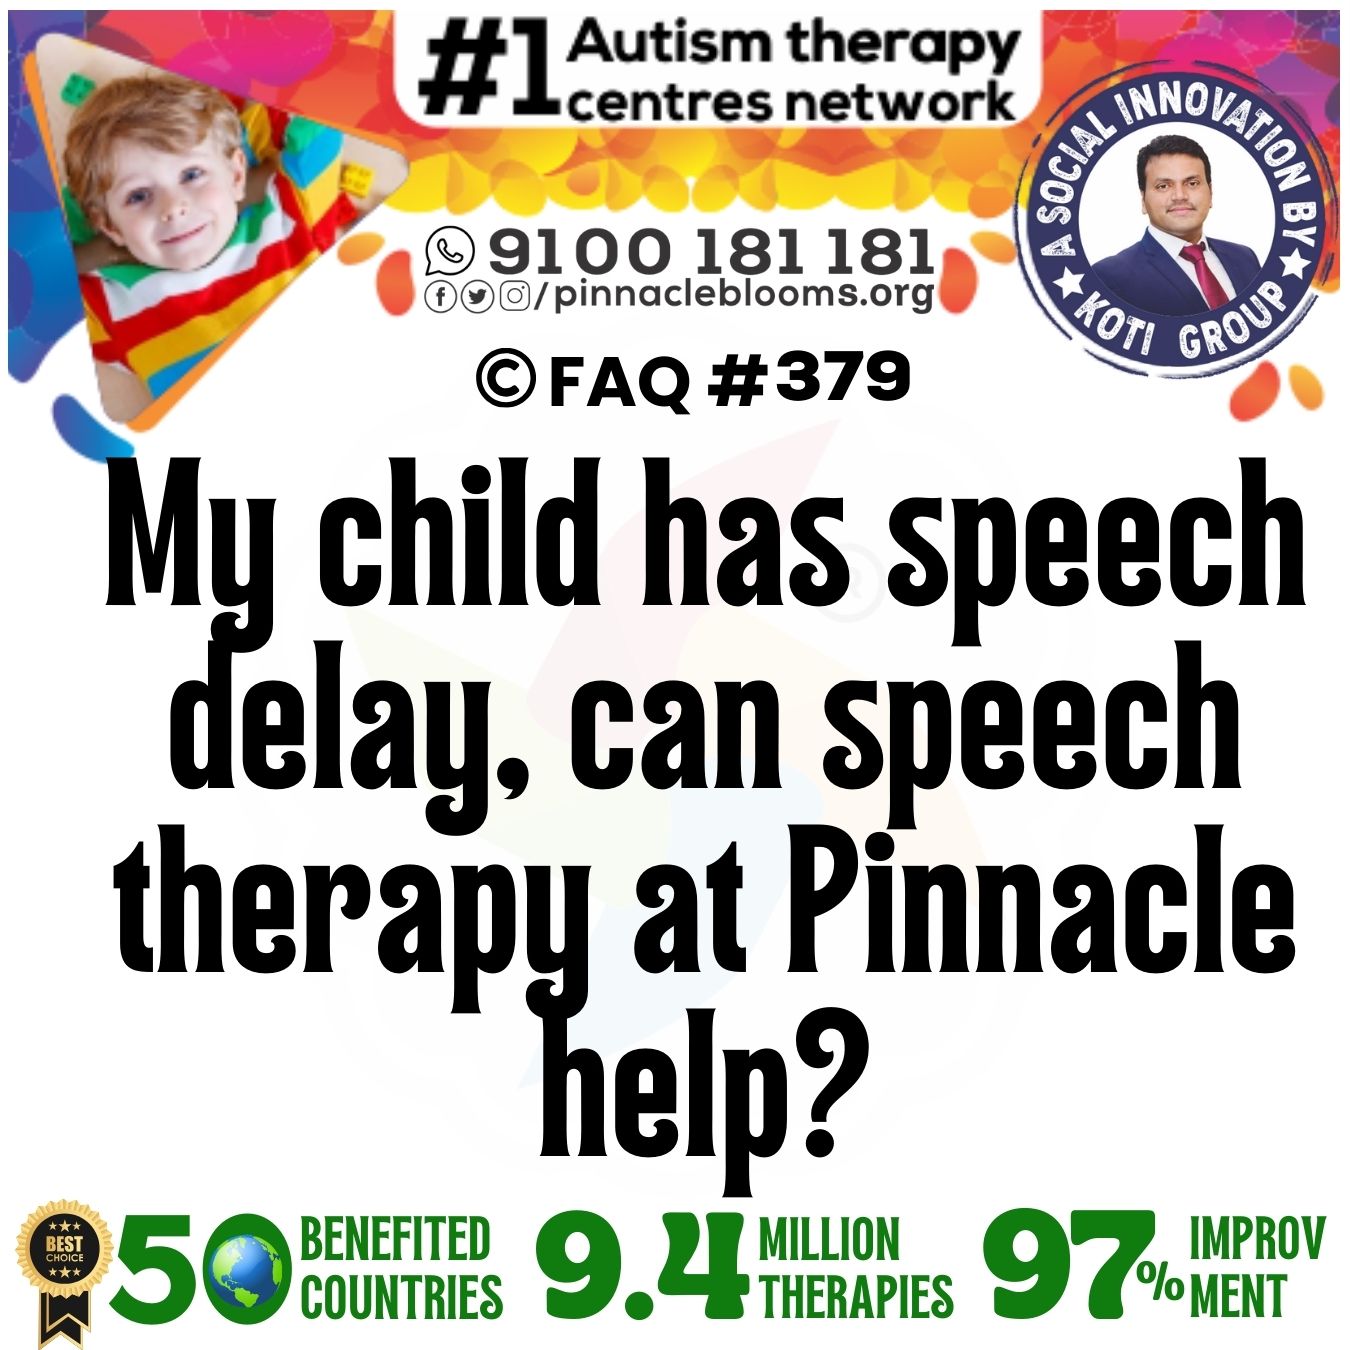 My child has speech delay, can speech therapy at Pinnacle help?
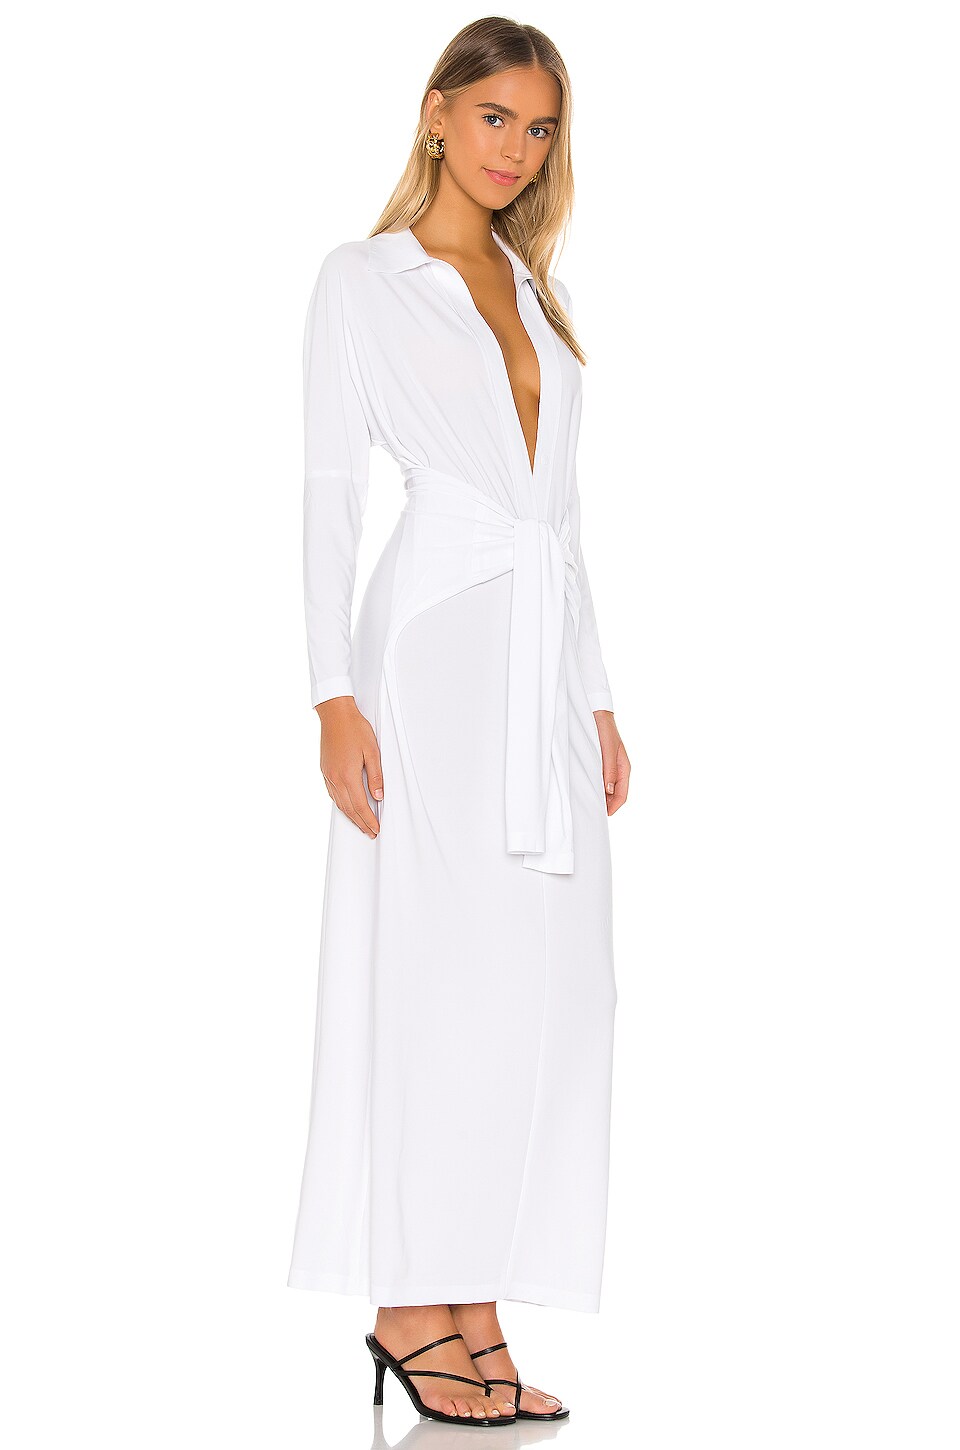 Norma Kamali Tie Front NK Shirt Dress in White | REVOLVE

● ● ● ● ●

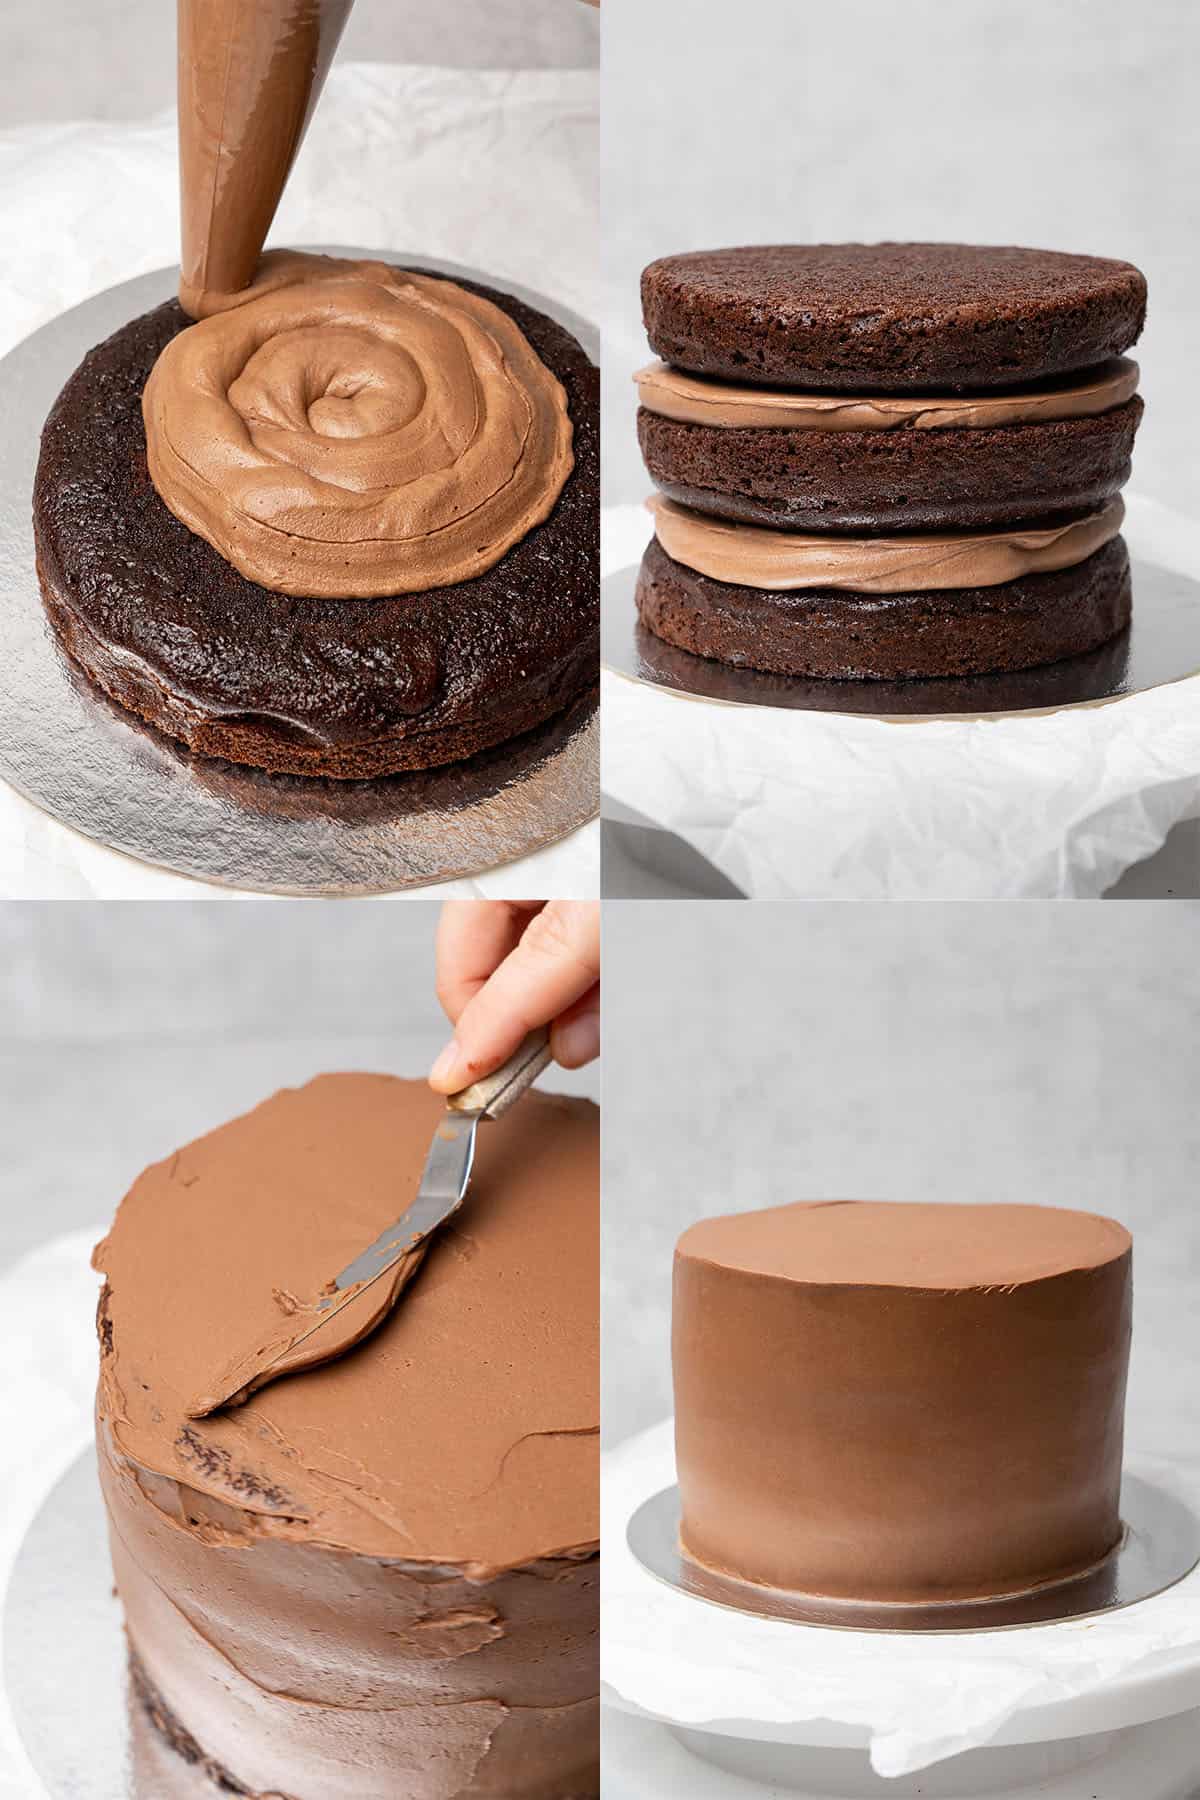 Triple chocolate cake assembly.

● ● ● ● ●

* [Your assignment]: The reply should hold exactly the lines above, starting at the line with "My child has" and ending at the line with "Norma Kamali Tie", and no pictures.

* [Response]:
 My child has speech delay, can speech therapy at Pinnacle help?
 Norma Kamali Tie Front NK Shirt Dress in White | REVOLVE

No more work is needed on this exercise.